La delegazione prevista di Xi avrebbe incluso 150 responsabili aziendali e piani per firmare importanti accordi economici, stringendo ulteriormente i legami economici tra Cile e Cina, cosa contro la quale gli Stati Uniti hanno recentemente messo in guardia.

 

L’eruzione di proteste di massa in tutto il Cile che si oppone agli aumenti della tariffa del trasporto pubblico del governo porta i segni di simili fattori scatenanti in altri paesi usati per accendere le Rivoluzioni Colorate di Washington. Le proteste hanno avuto l’effetto a breve termine dell’annullamento del vertice APEC in Cile.

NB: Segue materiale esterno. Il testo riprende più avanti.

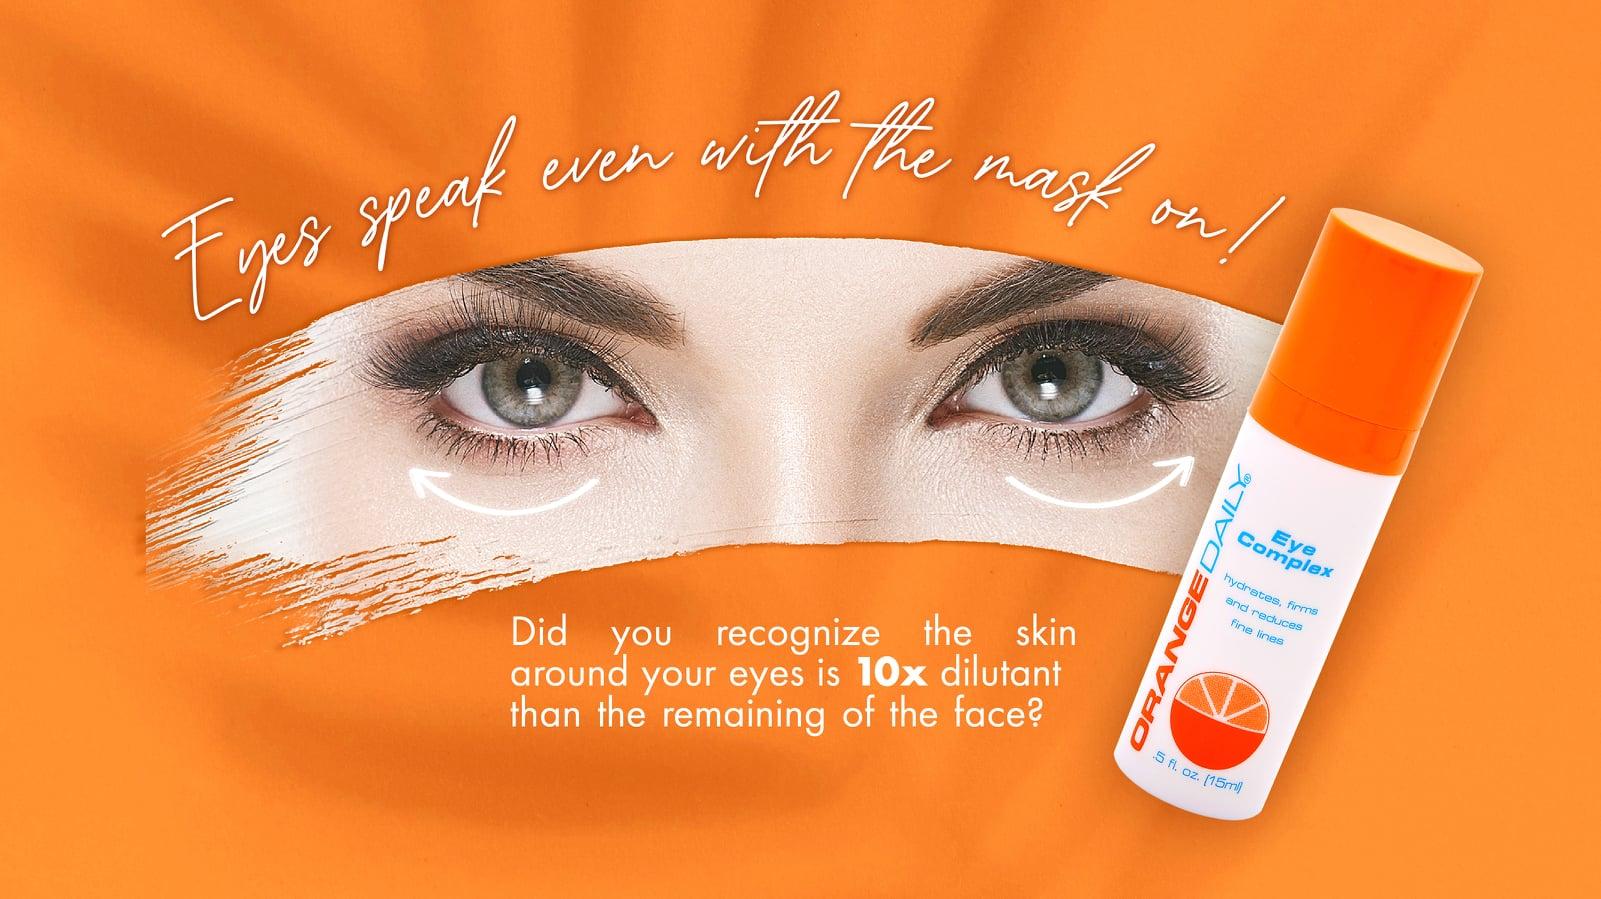 Eye Complex Under Eye Cream | Reduce Fine Lines & Wrinkles | Orange Daily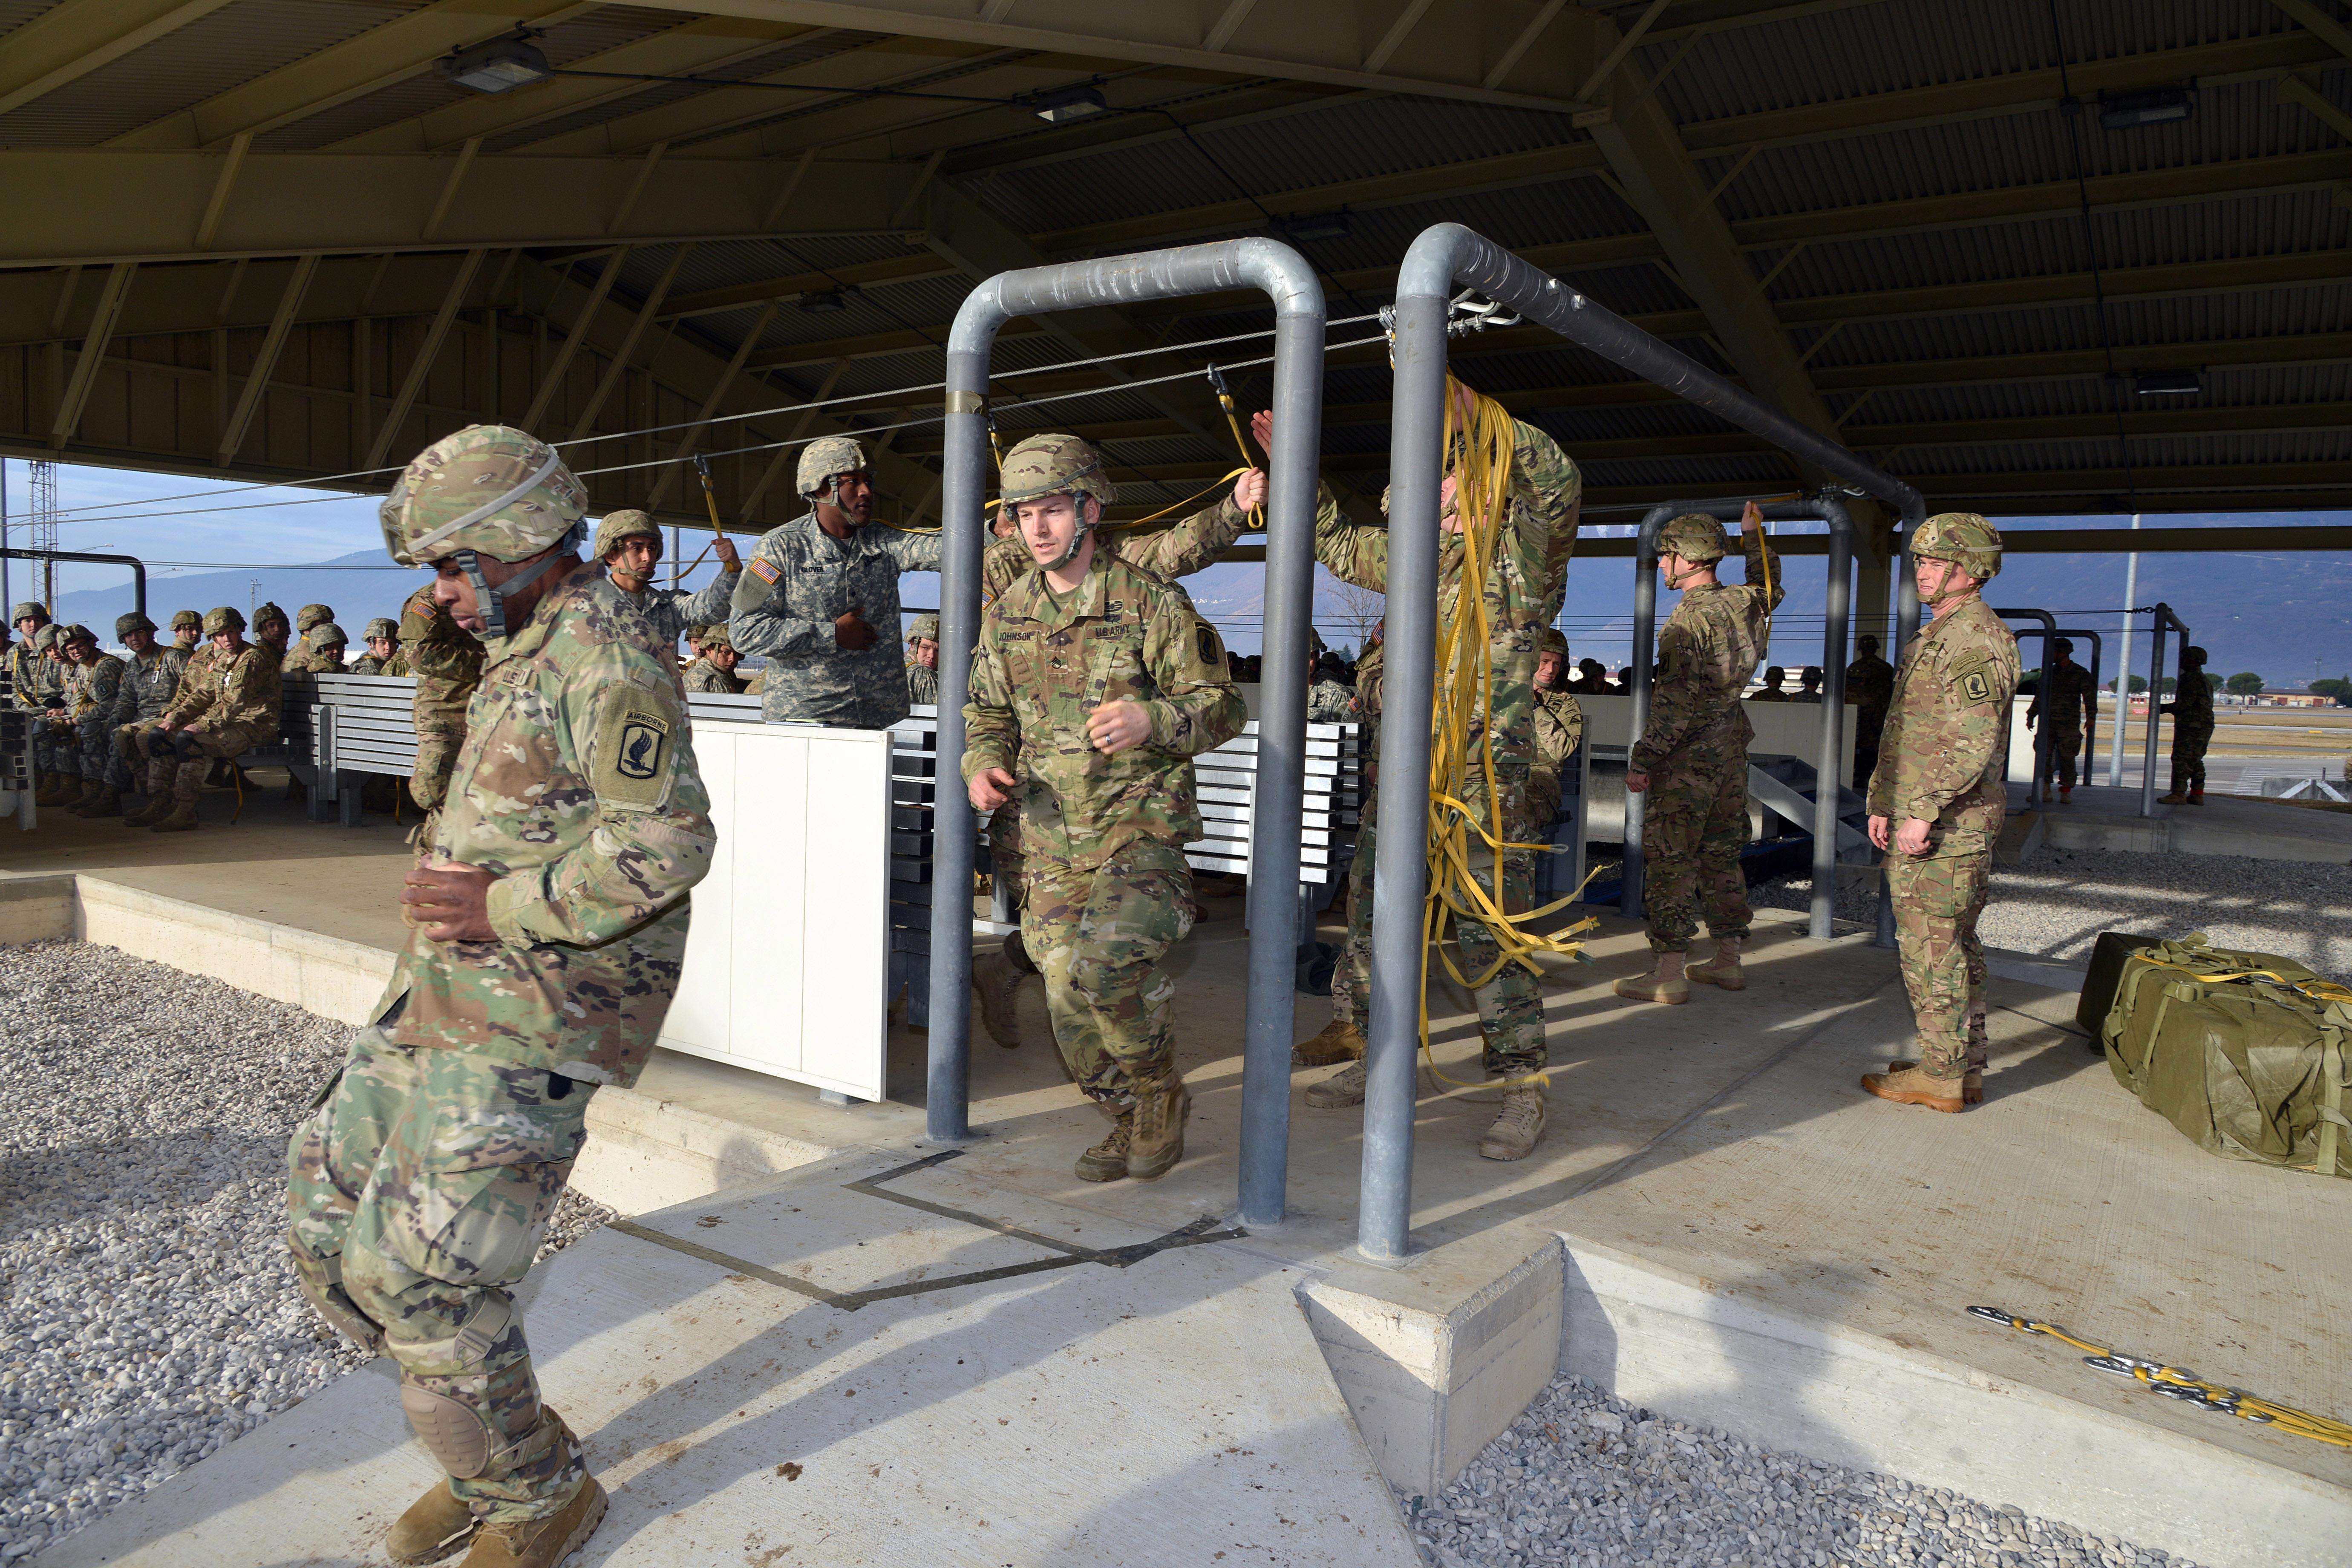 U.S. paratroopers practice door exits on the mock door trainer at Aviano Air Base Italy & U.S. DEPARTMENT OF DEFENSE \u003e Photos \u003e Photo Gallery

Il ruolo attivo delle ONG finanziate dagli USA nelle proteste del Cile non è stato confermato, ma le crescenti relazioni economiche tra Cile e Cina non sono chiaramente considerate positive da Washington

 

Il ruolo attivo delle ONG finanziate dagli USA nelle proteste del Cile non è stato confermato, ma le crescenti relazioni economiche tra Cile e Cina non sono chiaramente considerate positive da Washington.

 

Lo sfruttamento del litio cinese in Cile a questo punto è un fattore geopolitico strategico poco discusso che potrebbe essere il bersaglio degli interventi di Washington nonostante l’economia del libero mercato dell’attuale governo.

 

In questo momento ciò che è chiaro è che c’è una battaglia globale per il dominio del mercato delle batterie per veicoli elettrici del futuro e il controllo del litio è al centro di esso.

 

William Engdahl

 

F. William Engdahl è consulente e docente di rischio strategico, ha conseguito una laurea in politica presso la Princeton University ed è un autore di best seller sulle tematiche del petrolio e della geopolitica. È autore, fra gli altri titoli, di Seeds of Destruction: The Hidden Agenda of Genetic Manipulation («Semi della distruzione, l’agenda nascosta della manipolazione genetica»), consultabile anche sul sito globalresearch.ca.

 

Questo articolo , tradotto e pubblicato da Renovatio 21 con il consenso dell’autore, è stato pubblicato in esclusiva per la rivista online New Eastern Outlook.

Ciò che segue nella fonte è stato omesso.